National Vaccine Injury Compensation Program: FAQ
What is the National Vaccine Injury Compensation Program (VICP)?
The National Childhood Vaccine Injury Act of 1986 (the Act) established the VICP. The VICP went into effect in October 1988 and is a Federal "no-fault" system designed to compensate individuals, or families of individuals, who have been injured by childhood vaccines, whether administered in the private or public sector.

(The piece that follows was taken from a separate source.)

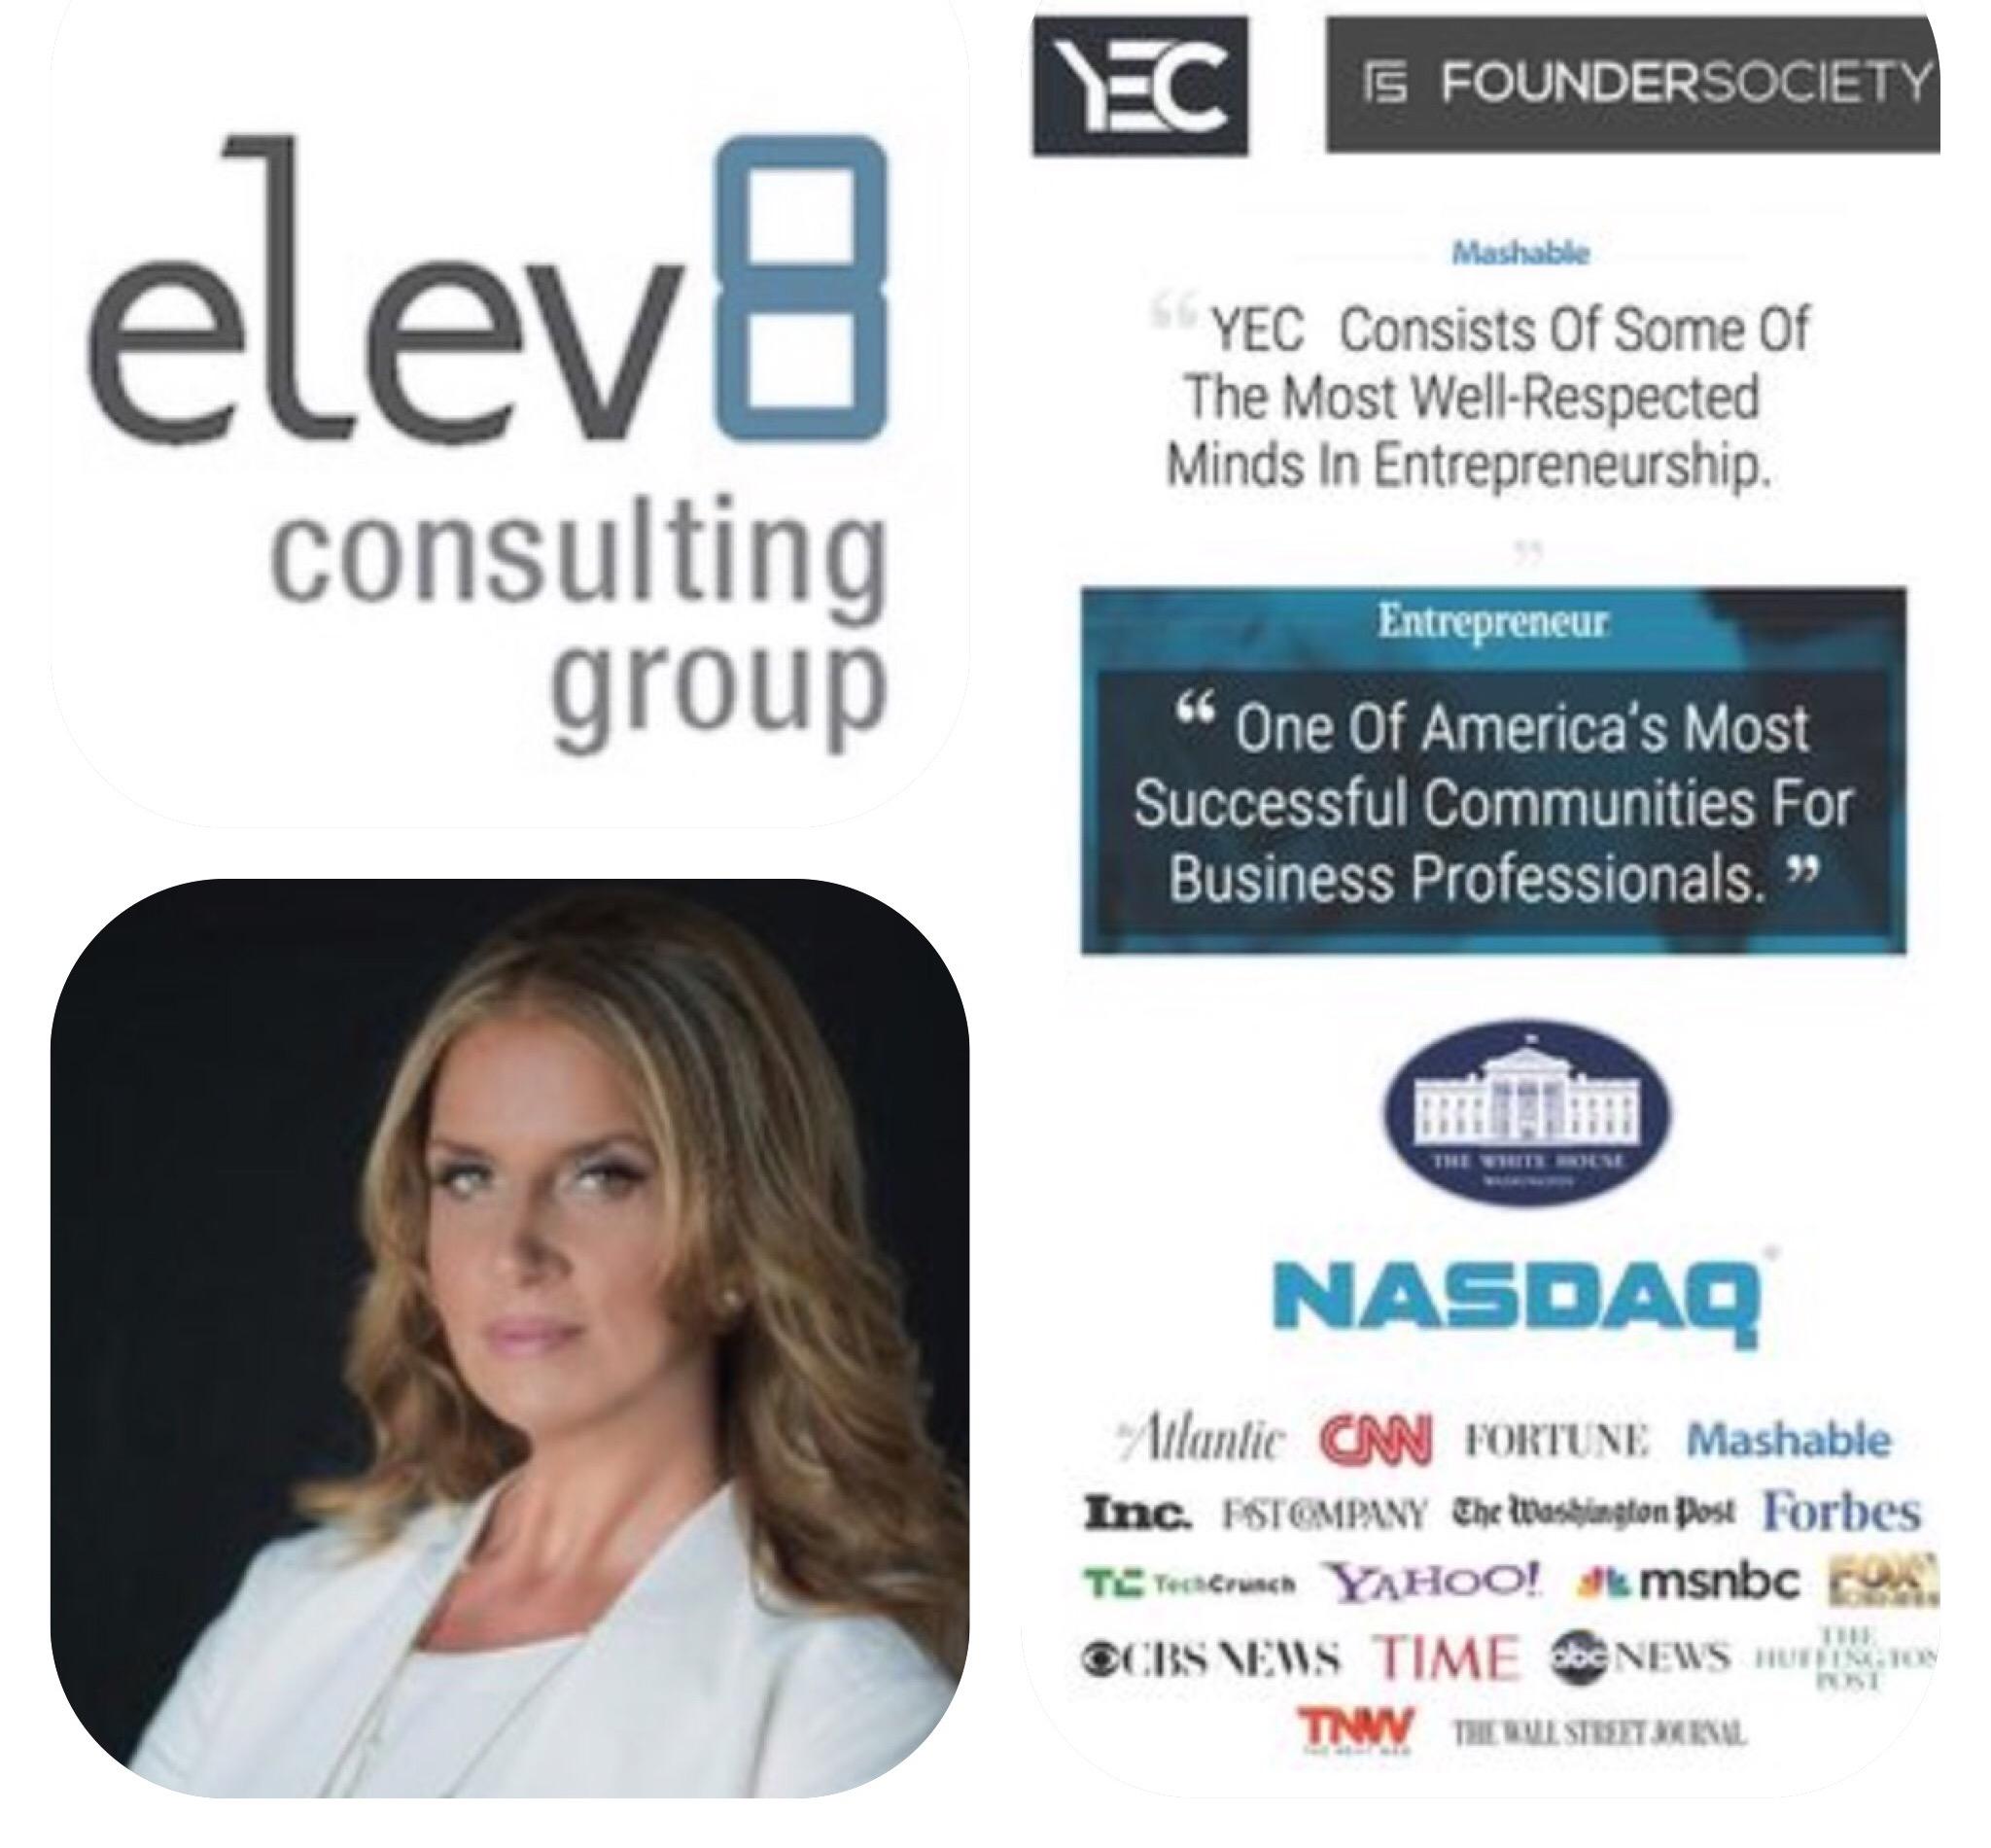 Entrepreneurial Tips By YEC Founder Society Members Featuring Elev8 CEO Angela Delmedico

What vaccines are covered?
Diphtheria, tetanus, pertussis (DTP, DTaP, DT, TT, or Td), measles, mumps, rubella (MMR or any components), and polio (OPV or IPV). Effective August 6, 1997, hepatitis B, Haemophilus influenza type b, and varicella vaccines were added for coverage under the VICP. Rotavirus vaccine was added for coverage under the VICP, effective October 22, 1998. On May 22, 2001, the Secretary published a notice in the Federal Register announcing the addition of pneumococcal conjugate vaccines to the Vaccine Injury Table under Category XIII with an effective date of December 18, 1999. (66 Fed. Reg. 28166-01 May 22, 2001)). The Secretary plans to include pneumococccal conjugate vaccines as a separate and distinct category on the Vaccine Injury Table through the rulemaking process, in order to comply with legal requirements. For the purpose of potential petitioners filing claims concerning pneumococcal conjugate vaccines, however, this category of vaccines is now covered by the VICP (under the Table's broad Category III). Eight years' retroactive coverage is provided for vaccine-related adverse events associated with any vaccine newly added for coverage under the VICP.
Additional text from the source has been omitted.